Dazu kommt, dass das Erforschen der Umgebung schlicht und einfach keinen Spaß macht, da es nicht belohnt wird. Das Spiel ist auf den exakten Lösungsweg verengt; sämtliche andere Aktionen werden ohne („Das geht nicht“) oder mit lächerlichen Begründungen („Ich darf nicht fernsehen“) abgewiesen. Ebenso gibt es keinerlei Möglichkeit Dinge in anderer Reihenfolge zu erledigen. Dies versucht das Spiel noch nicht mal immanent zu begründen: Dem Spieler wird beispielsweise einfach gesagt, er könne noch nicht an den gewünschten Ort gehen, da ihm noch etwas dafür fehle. Was das ist, ergibt sich allerdings weder aus dieser Meldung, noch aus dem Spielfortgang. Eigentlich ist es in Adventures ja üblich, den Spieler einfach zu solchen Orten hingehen zu lassen, um dort dann selbst zu entdecken, was „ihm noch fehlt“...

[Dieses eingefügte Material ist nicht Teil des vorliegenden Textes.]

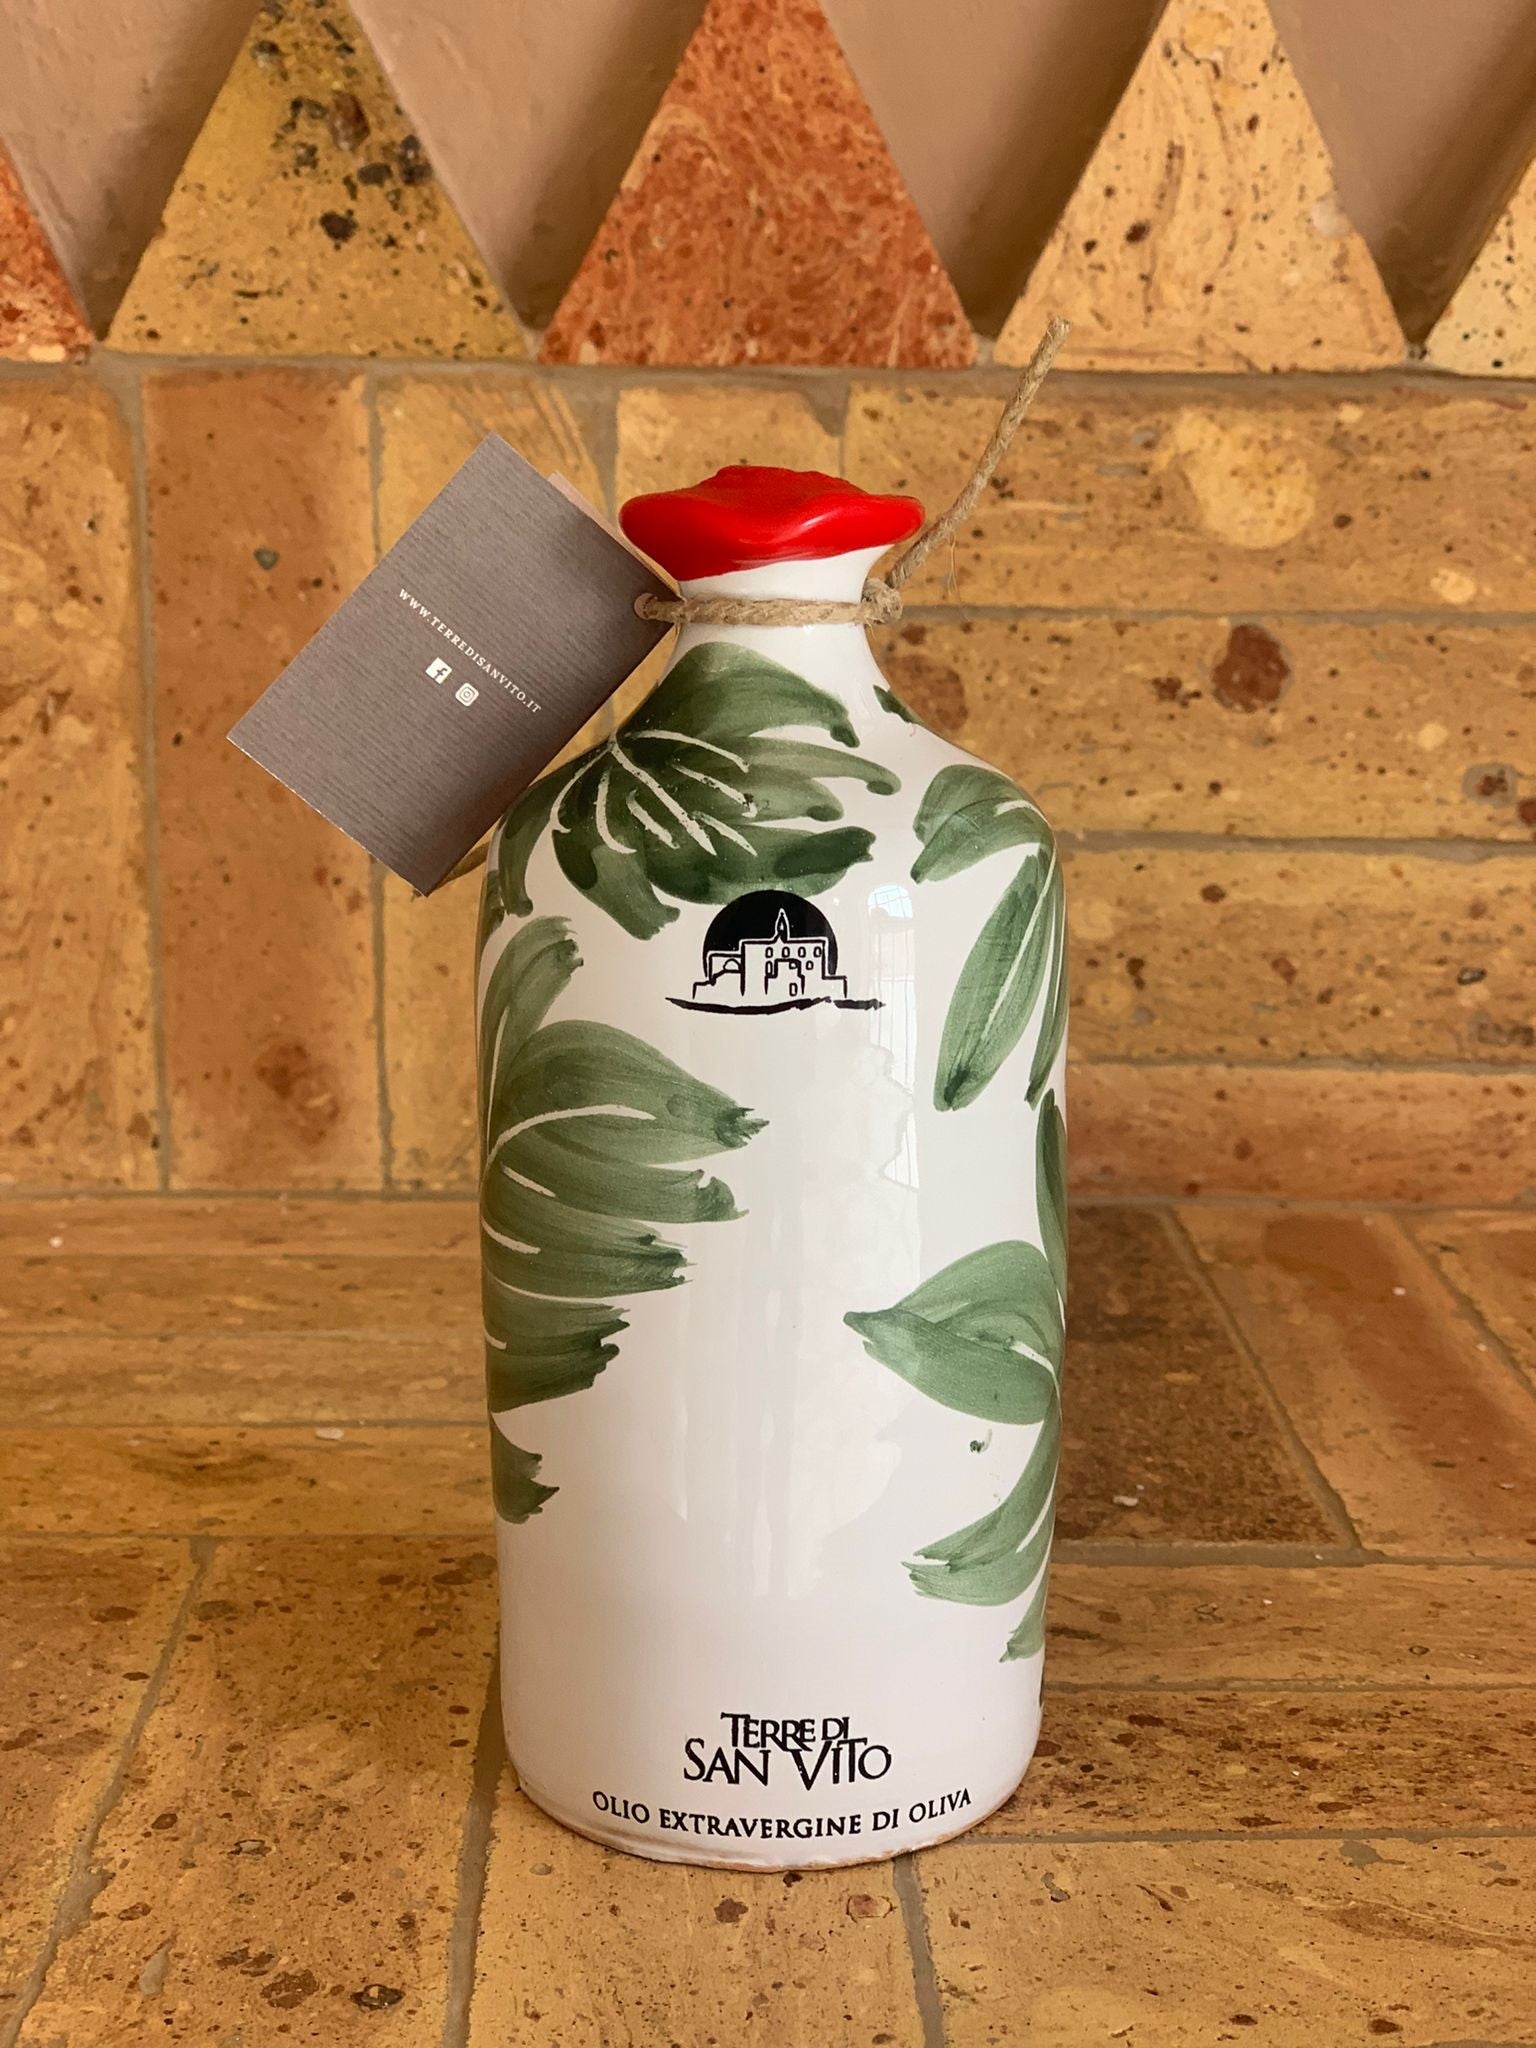 NEW IN: Leaf Patterned Terracotta Jar – extra virgin olive oil

Jene totale Linearität rettet das Spiel jedoch nicht vor diversen Bugs. So kommt man eben manchmal doch weiter, ohne etwas Bestimmtes gemacht zu haben - findet sich dann später aber in einer (nicht vom Spiel kommunizierten) Sackgasse wieder. Manchmal kann man Räume überhaupt nicht mehr verlassen, obwohl ein Ausgang sichtbar ist. Und so weiter.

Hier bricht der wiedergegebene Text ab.